Initially, most of the “value add” of physical retailing translated well to the online world.   Early on it was incredibly difficult from both a technical and operational standpoint to build and operate an online store with a decent shopping experience.   Not only did building a credible website take a lot of money, but building out the back-end fulfillment infrastructure necessary to actually ship products to consumers was also prohibitively expensive.  That made the few online retailers that got it “right” very valuable distribution channels to both suppliers and consumers.  Brand also played an important role given the relatively immaturity of the channel and significant consumer concerns regarding the security and reliability of online retailing.  This made online retailers with good websites and brands highly attractive to both consumers and suppliers.

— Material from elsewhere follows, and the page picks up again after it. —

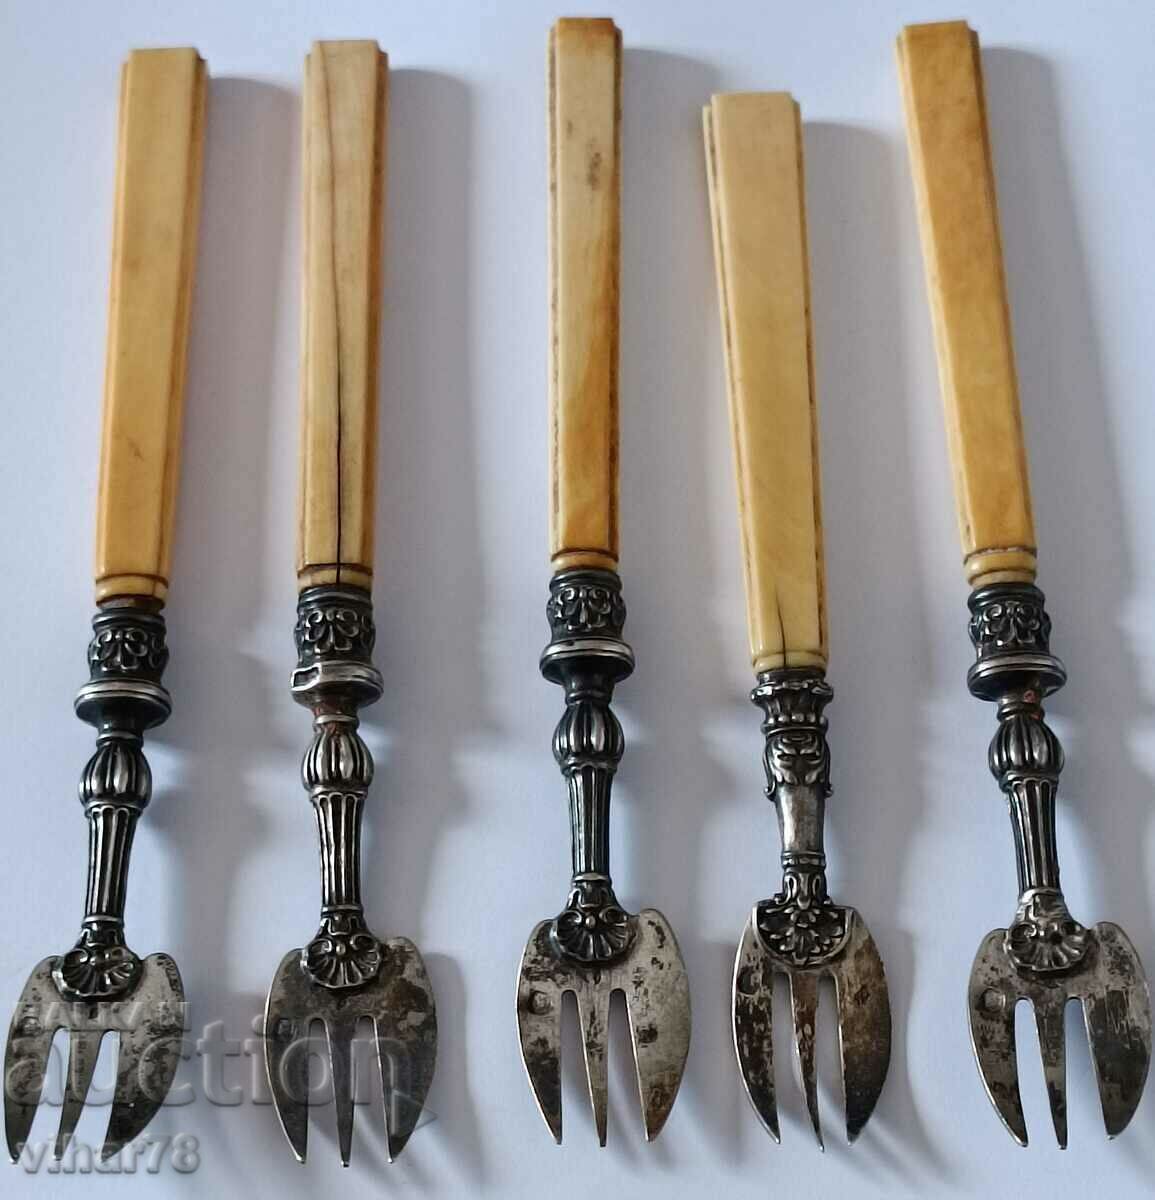 old silver forks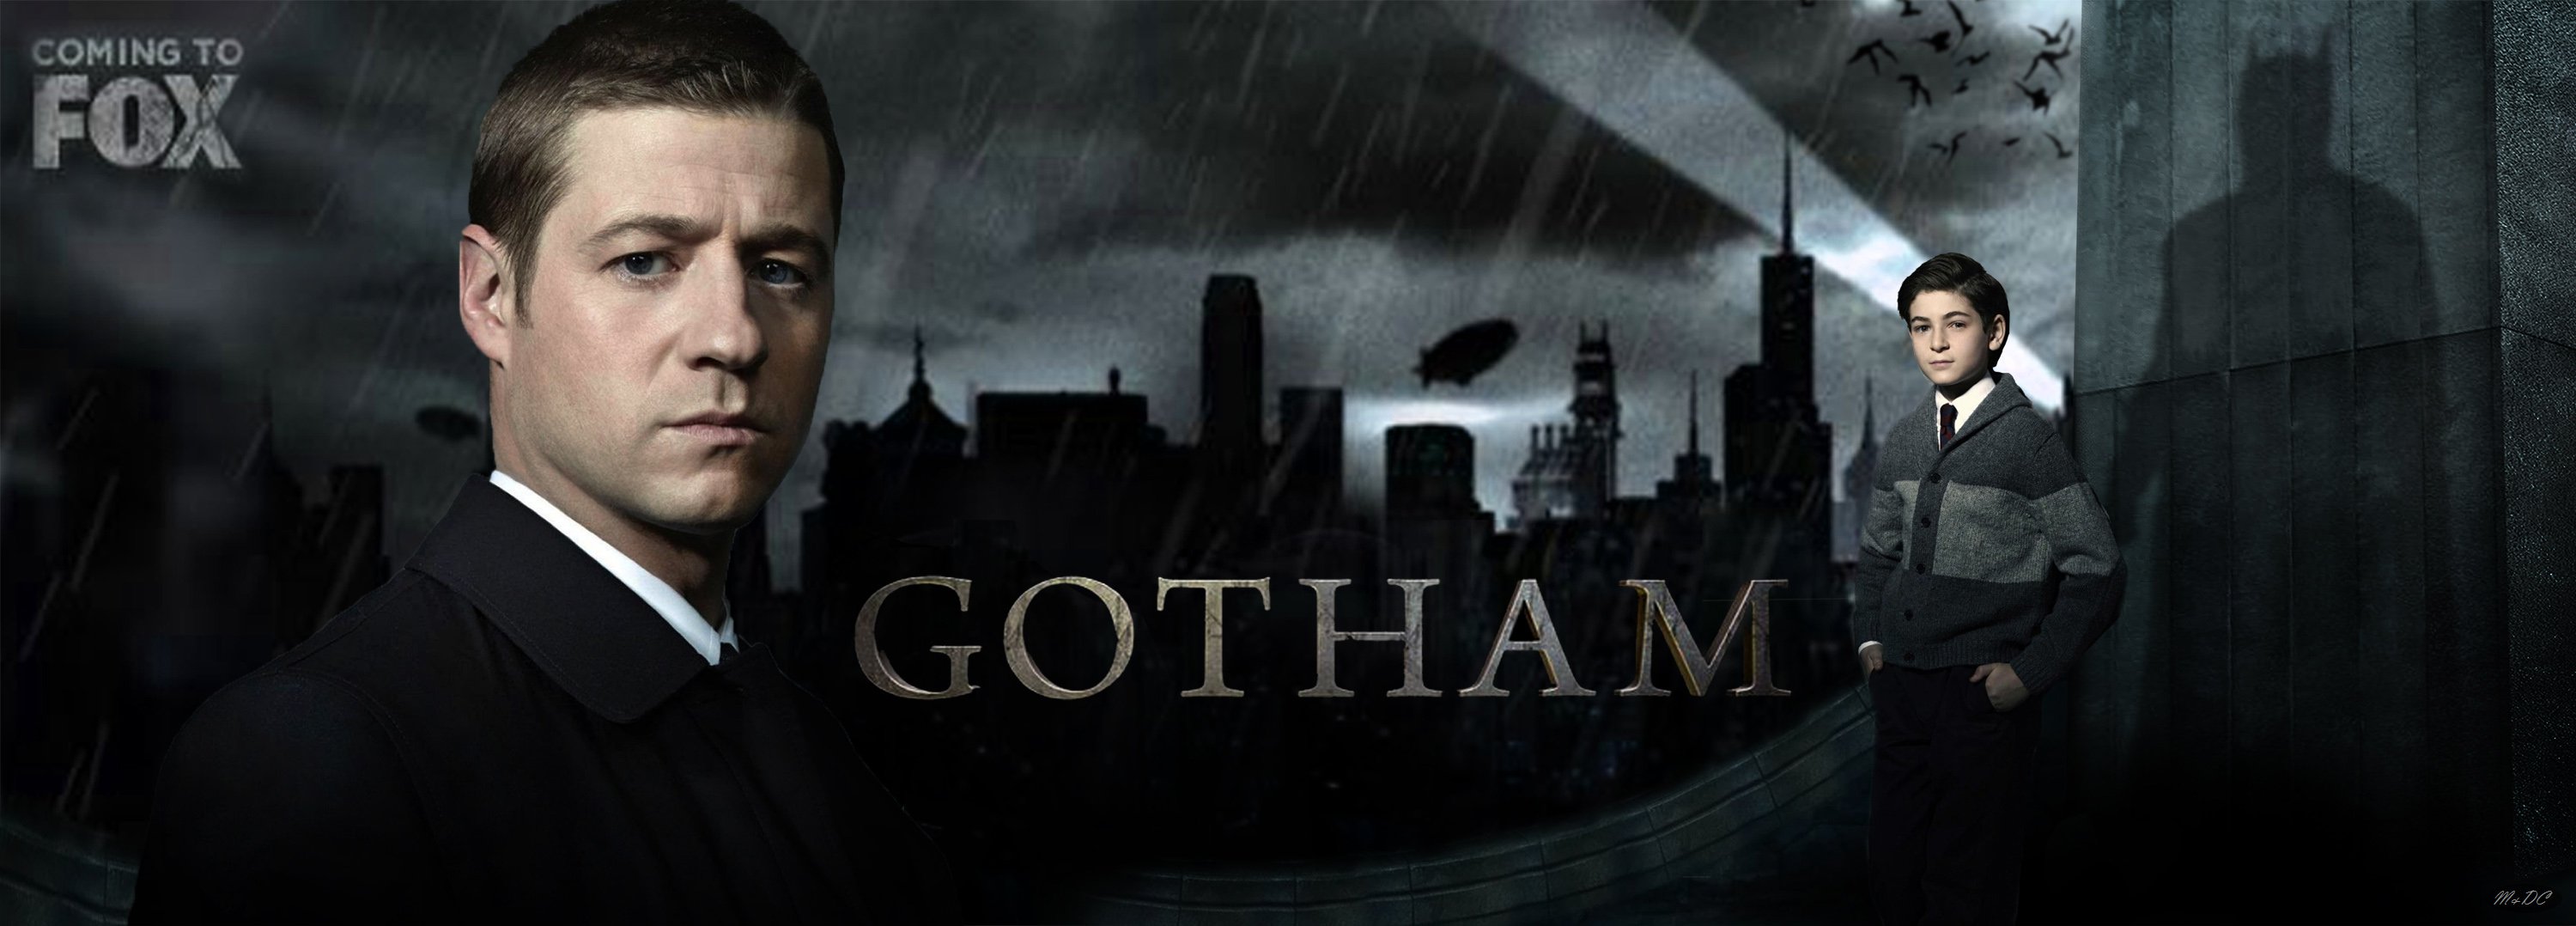 gotham, Series, Batman, Action, Superhero, Dc comics, D c Wallpaper

Over the past ten years however, a number of new developments have eroded the value-add of online retailers to the point where these days they often add little more than excess costs to the process.    Some of most important developments include:

  1. Reduced technology costs:  In the 1990’s it cost a lot of money to build and operate a first class online retailing website.  Not only were hardware and bandwidth costs very high (as outlined in this excellent post), but the costs to hire and retain the few technical people who actually knew how to build and scale a decent website were extraordinarily high (that is if you could even find them).  Today, there are a number of excellent e-commerce software products that can be bought for a relative pittance and the pool of competent technical people that can build and run an online store is exponentially larger.  In fact, some start-ups are even offering “all you can eat” e-commerce services for seemingly insignificant sums compared to what major companies paid just a few years ago.  Take Venda for example.  They will design, build, host, and maintain a truly first class website for a flat fee of $10,000/month.  No up front costs at all. (And they even claim to be profitable.)  If you check out some of their sites such as this one or this one or this one, you realize that ten grand a month certainly goes a long way these days.
  2. Familiarity:  At first, only the intrepid few made online purchases.  These days online purchasing is increasingly a mundane mass-market activity.  As a result, consumers are becoming accustomed to the conventions of online purchasing such as the “shopping basket”, the “checkout process”, the confirmation e-mails, the package tracking, etc.  As the online shopping experience becomes routine, consistent, and predictable across websites, consumers are bound to become increasingly indifferent to which particular website they make their purchase on thus lowering the value of online retail brands.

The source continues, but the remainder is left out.